The current concept of ‘Big Society’, like any idea formed on the back of a fag packet at the eleventh hour, lacks content, analysis and coherence. Labour’s new leader, formerly a minister with responsibility for the third sector and volunteering, must take this opportunity to give Big Society – or the Good Society – the substance it currently lacks.
If it is defined as engaging with members of communities, supporting them and enabling them collectively to improve their locality by influencing the way in which public services are provided, in a manner which is both equitable and socially just, then no one in the centre or on the left will have any problem supporting it.
From opposition, the process of turning ideas into reality is always much more challenging than when in government. Indeed, in opposition the engine for making change in this area will depend as much on Labour activists outside in the big society itself as in Westminster.
To lead the Big Society Labour requires a low cost and deliverable strategy.
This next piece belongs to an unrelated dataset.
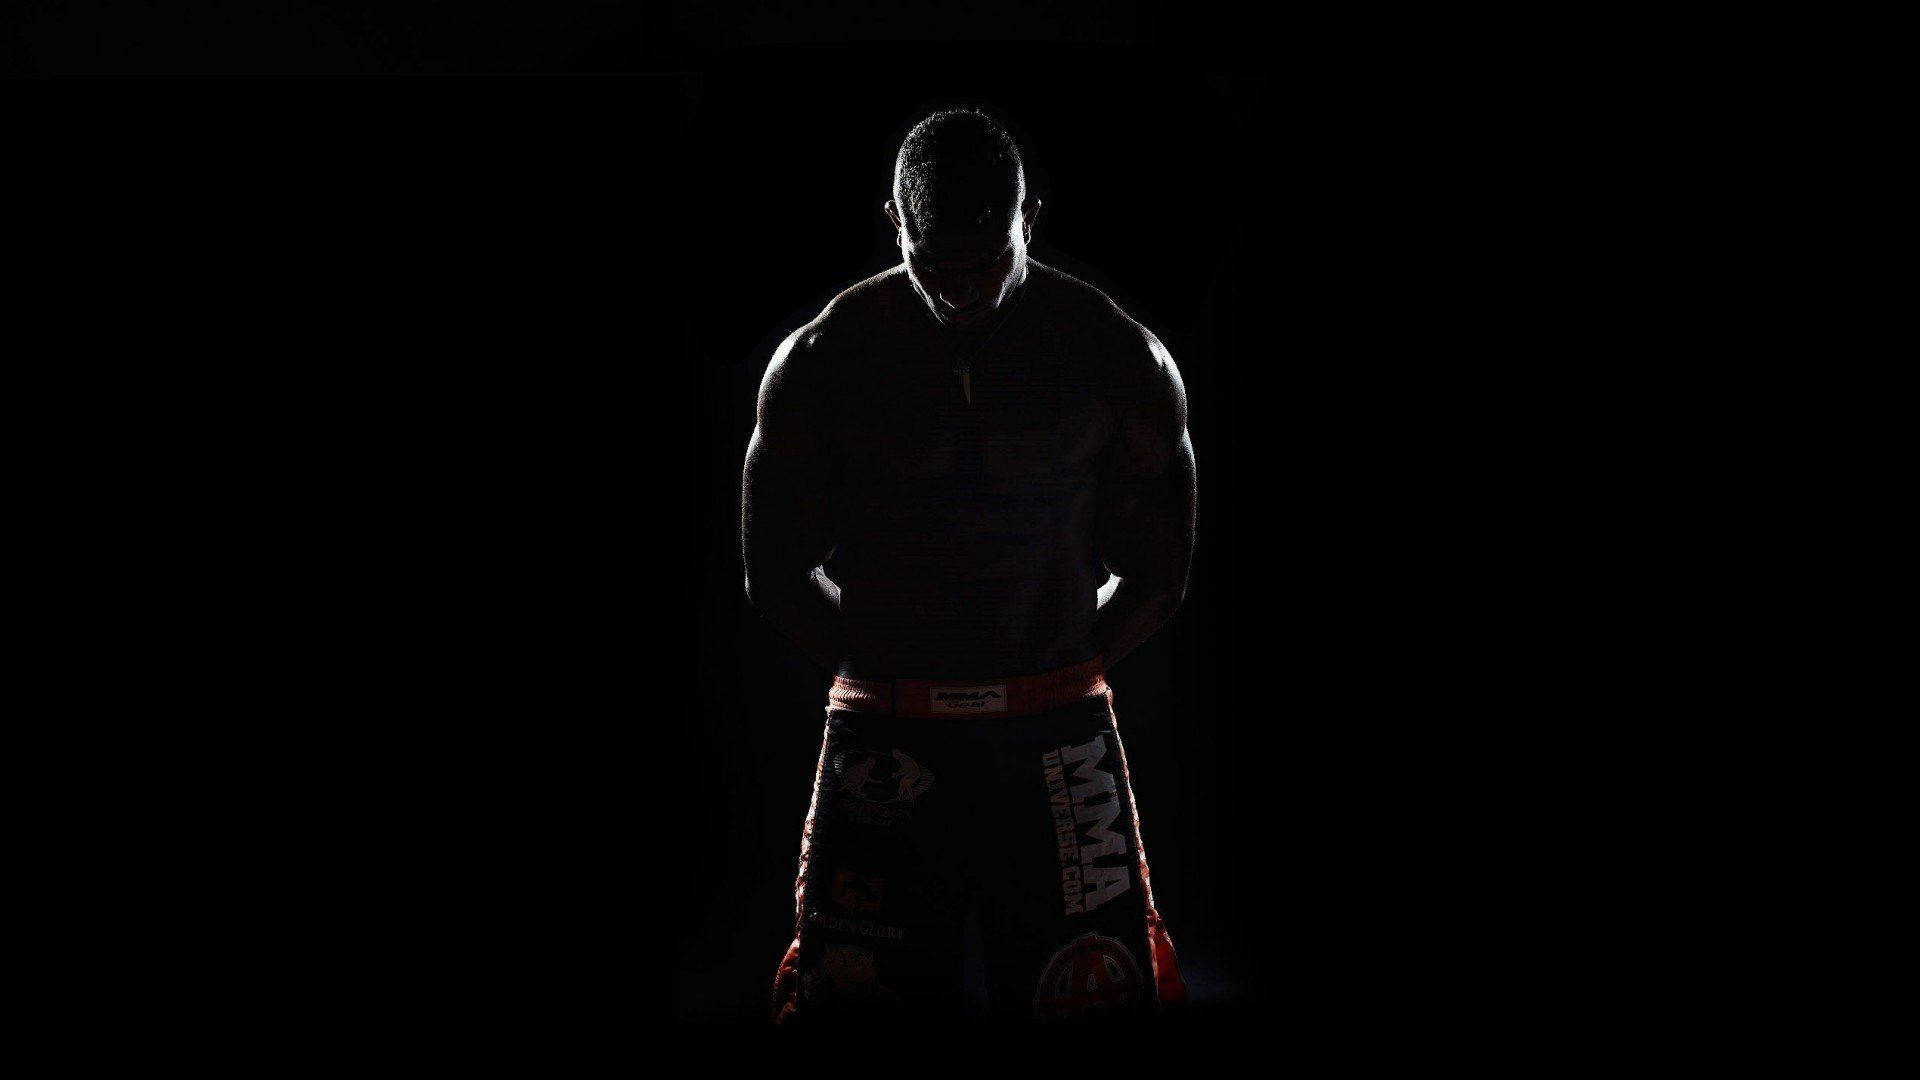 Mma Boxing Silhouette Background

This must include:
- Supporting the infrastructure of civil society, giving community groups and volunteers ever greater capacity to inform, influence or deliver local services
- Upholding the right of people to receive care and other services tailored to their personal needs, something organised and skilled volunteers are well equipped to deliver
- Celebrating the good practice and achievement of volunteers and their organisations, sharing solutions and learning
- Engagement as a Party (and as 200,000 individual Party members) in communities and their organisations, especially in positions of responsibility such as trustees of civil society bodies. (A monthly plod through Minutes and Matters Arising does not count as volunteering)
- Councillors to be more the friends of their community activists and more relaxed about the process of engagement; councils to be partners and supporters of the community sector in respect of consultation, involvement and sharing service delivery.
Even as public spending is cut, decentralisation presents opportunities as well as threats. Labour in communities must be more imaginative and outward looking then ever before, to make the sow’s ear that is the ‘Big Society’ today into the silk purse of tomorrow – and to take the credit for it.